-
Notifications
You must be signed in to change notification settings - Fork 302
Description
Summary
I've been investigating some unexpected routing behavior in my E2E tests and wanted to share my findings. I'm not entirely sure if this is a configuration issue on my end or a potential bug, but the evidence seems worth discussing.
Observed Behavior
When testing category-based routing with model: auto, I'm seeing math queries consistently routed to Model-A instead of the expected Model-B, despite the configuration showing Model-B has a higher score.
Evidence
1. Configuration (config/testing/config.e2e.yaml)
categories:
- name: math
model_scores:
- model: "Model-B"
score: 1.0 # ← HIGHEST SCORE
- model: "Model-A"
score: 0.9
default_model: "Model-A"
threshold: 0.6Expected behavior: Math queries should route to Model-B (score 1.0)
2. Test Results - BEFORE
Running a minimal reproduction test with random math queries to avoid cache hits:
TEST 1: Direct Classification API (port 8080)

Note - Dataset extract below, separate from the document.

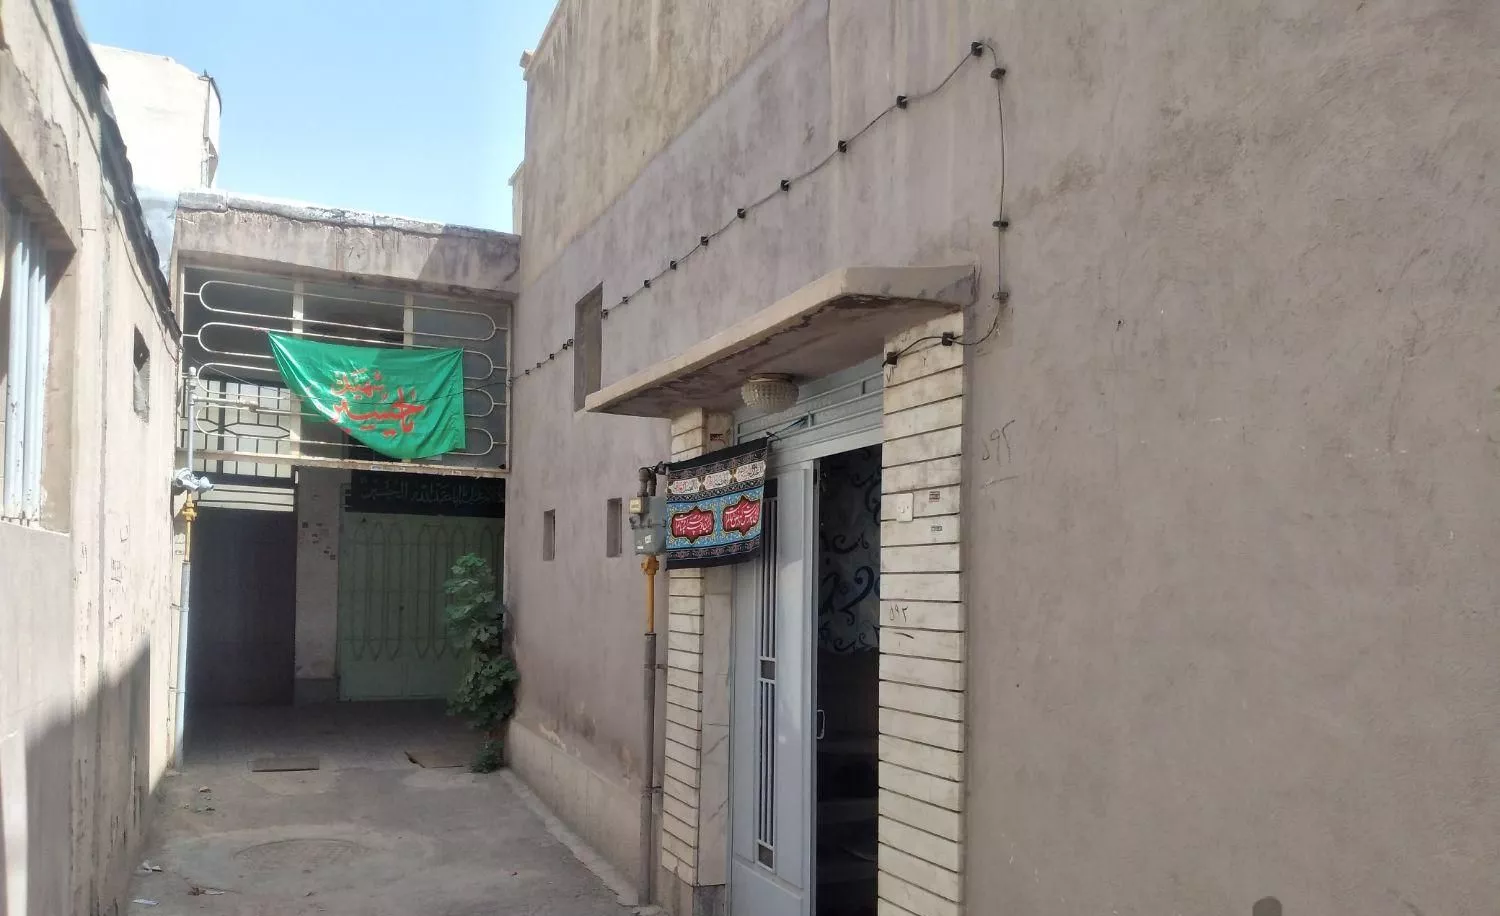 منزل ویلایی پلاک سوم خیابان فروغی به دروازه تهران

================================================================================
Query: What is 234 + 567?
Category: math
Confidence: 0.886
Above threshold (0.6): ✅ YES
Classification correct: ✅ YES
TEST 2: Envoy Routing with model='auto' (port 8801)

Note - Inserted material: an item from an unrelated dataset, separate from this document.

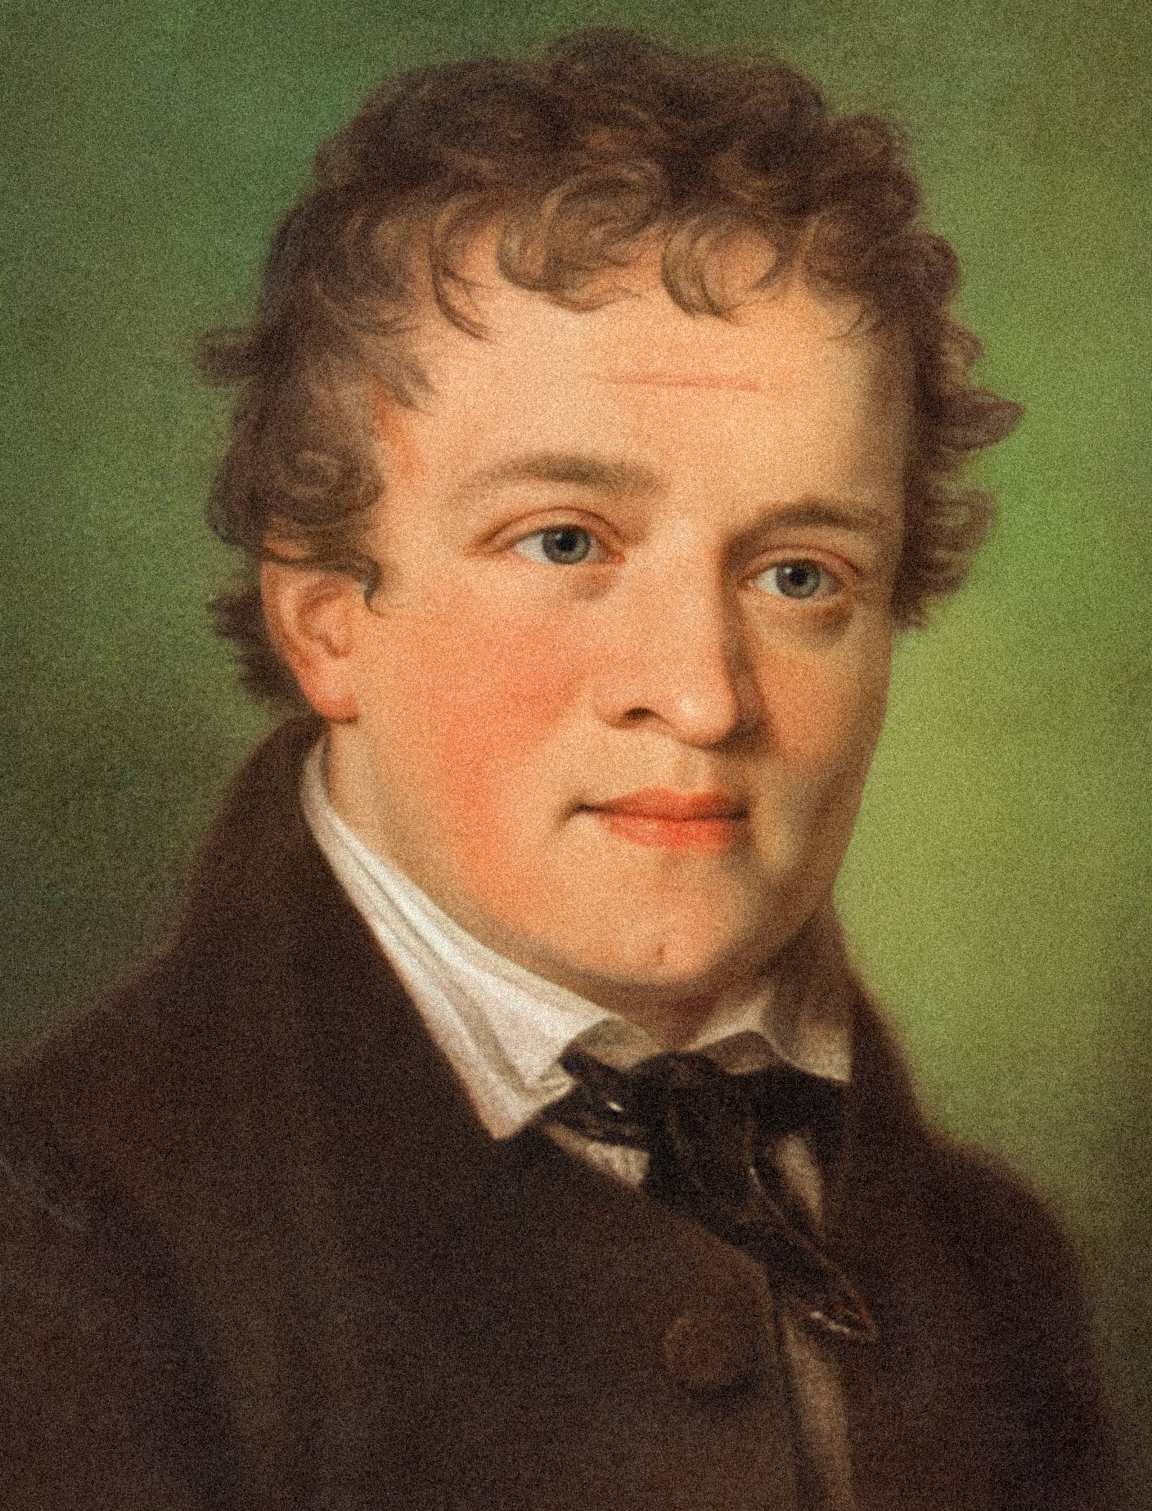 Kaspar Hauser: El niño no identificado de la década de 1820 parece ser asesinado misteriosamente solo 5 años después 2

================================================================================
Query: What is 234 + 567?
Request model: auto
Response model: Model-A
X-VSR-Selected-Model header: Model-A
Expected: Model-B (score 1.0 in config)
Actual: Model-A
❌ FAIL: Incorrectly routed to Model-A instead of Model-B
Pattern: Classification API correctly identifies math with high confidence (0.886 > threshold 0.6), but Envoy routing selects wrong model.
3. Router Logs Analysis
During test execution, I noticed these logs from the ExtProc router:
🔧 DEBUG: Router using UNIFIED classifier (LoRA models)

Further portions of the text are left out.